Tout ça pour dire que le logiciel libre n'est pas le fruit de l'imagination utopiste de quelques hurluberlus dans un coin (ou dans un garage): c'est un vrai mouvement de pensée qui a une action réelle et perceptible sur notre société.

L'aspect historique est important

Le logiciel libre a une histoire. Cette histoire est à rapprocher de celle de Richard Stallman. Le livre présente assez bien la vie particulière du hackeur et tout son parcours.

Tout commence par une imprimante qui plante et dont le code source du pilote se ferme. Stallman avait modifié le programme de gestion d'une imprimante Xerox qui fonctionnait sous PDP-10. Quelques-temps plus tard, Xerox livre une nouvelle machine, plus puissante et plus performante. Néanmoins et contrairement à d'habitude, la livraison du pilote d'impression est uniquement sous forme binaire. Dans un premier temps, Stallman tente de récupérer ce code pour le modifier et améliorer la gestion de l'imprimante. Il rencontre un de ses collègues (universitaire) qui dispose du code mais ce dernier se refuse de le communiquer à Stallman, car il s'est engagé à ne pas le diffuser.

Cette réponse a eu un effet boule de neige sur Stallman qui avait, à l'époque, une vision assez fine de l'avenir qui attendait l'informatique et la liberté des utilisateurs dans un monde toujours plus lié à l'utilisation des ordinateurs. Il faut bien retenir qu'à l'époque, les utilisateurs d'informatique ne sont pas nombreux. Les applications sont limitées à certains secteurs et du coup, le type des utilisateurs est assez particulier. De fait, ce petit groupe a déjà ses règles non écrites et ses propres pratiques: depuis la fin de la deuxième guerre mondiale, le code source des programmes a toujours été partagé dans le but de l'améliorer le plus possible. Mais, dans le début des années 80, l'utilisation de l'informatique s'étend et les firmes misent sur la fermeture du code pour s'assurer de nouvelles sources de revenus, à l'encontre totale des usages de l'époque et encore plus, du groupe des hackeurs et du Ai Lab du MIT.
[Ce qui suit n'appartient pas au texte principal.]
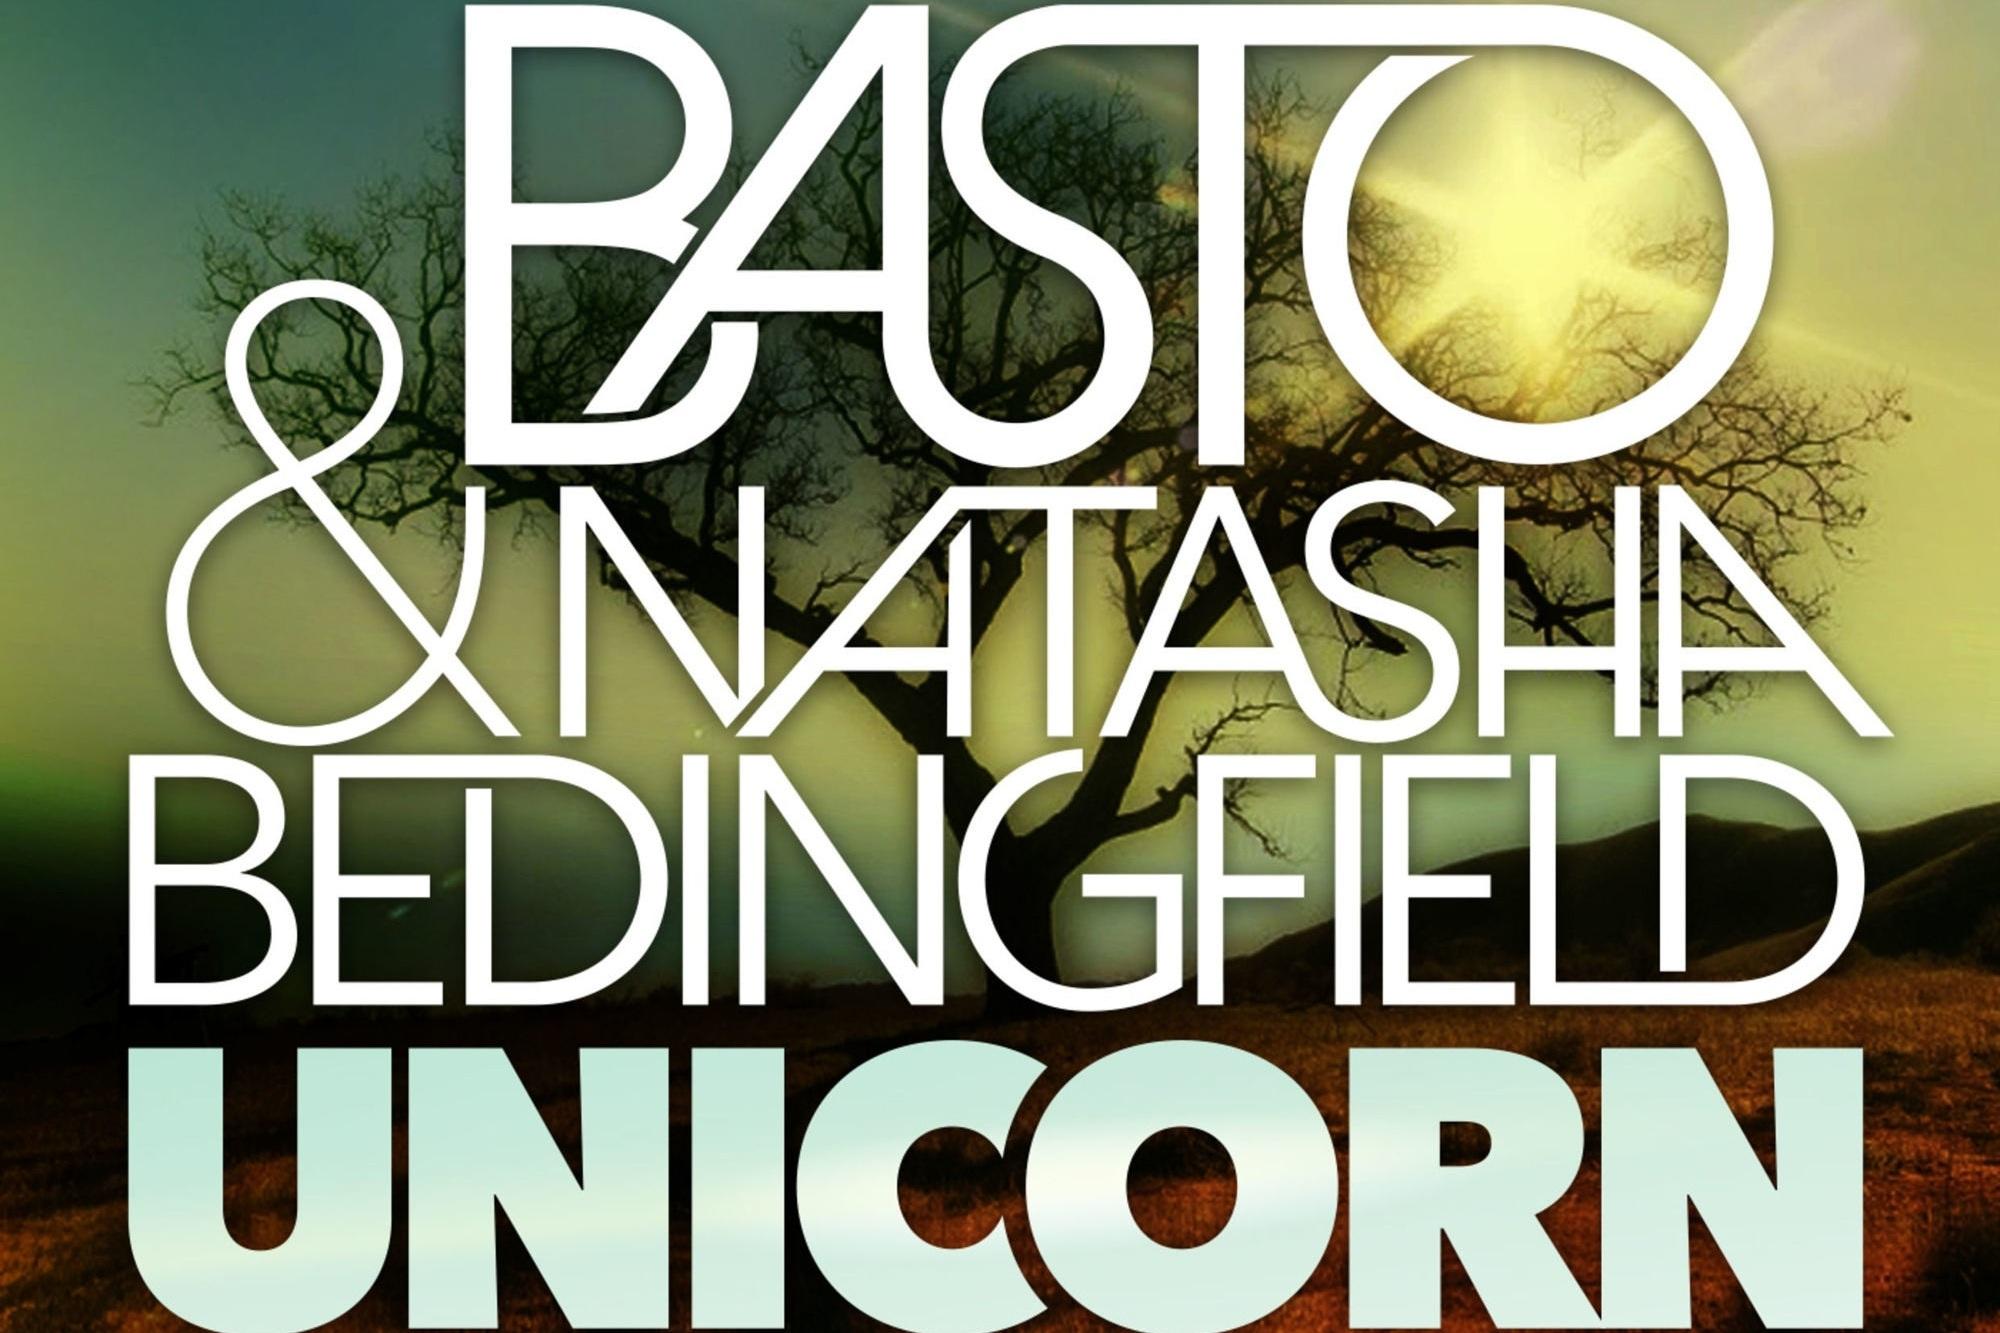 """""""Unicorn"""" - Basto & Natasha Bedingfield    Writer, Producer"""

Car, il faut bien noter que le AI Lab et ses hackeurs est un groupe avec des valeurs, des techniques, une ambiance et une vision des choses bien particulières. Ils revendiquaient une tradition d'ouverture et de confiance intellectuelle et aussi l'intérêt de la coopération et de l'échange des savoirs. Ainsi, les hackeurs avaient-ils l'habitude de réquisitionner tous les terminaux utilisables et de forcer les portes des bureaux fermés à clef qui hébergeaient ces terminaux. Ils développèrent un système d'exploitation sur PDP-6 et PDP-10 qu'eux seuls savaient utiliser. Ils mêlaient souvent le travail personnel avec les tâches du AI Lab. Enfin, ils étaient clairement opposés à toute mise en place sécuritaire sur les ordinateurs, par respect pour le partage du code et du savoir qui en découle et pour mettre en avant le côté auto-gestion de leur groupe. Ajoutons qu'en plus de l'art du code, ils développèrent quelques méthodes pour ouvrir les portes fermées derrière lesquelles se trouvaient des terminaux. C'est tout cet ensemble d'éthique et ce groupe qui est à la base du logiciel libre et, à la vue de son parcours, Richard Stallman en est le catalyseur. La soif de connaissances, le mépris de l'autorité et des préjugés, le rejet des règles discriminantes mais également le sens de la responsabilité envers la communauté, la confiance et l'action sont les valeurs de l'éthique hacker.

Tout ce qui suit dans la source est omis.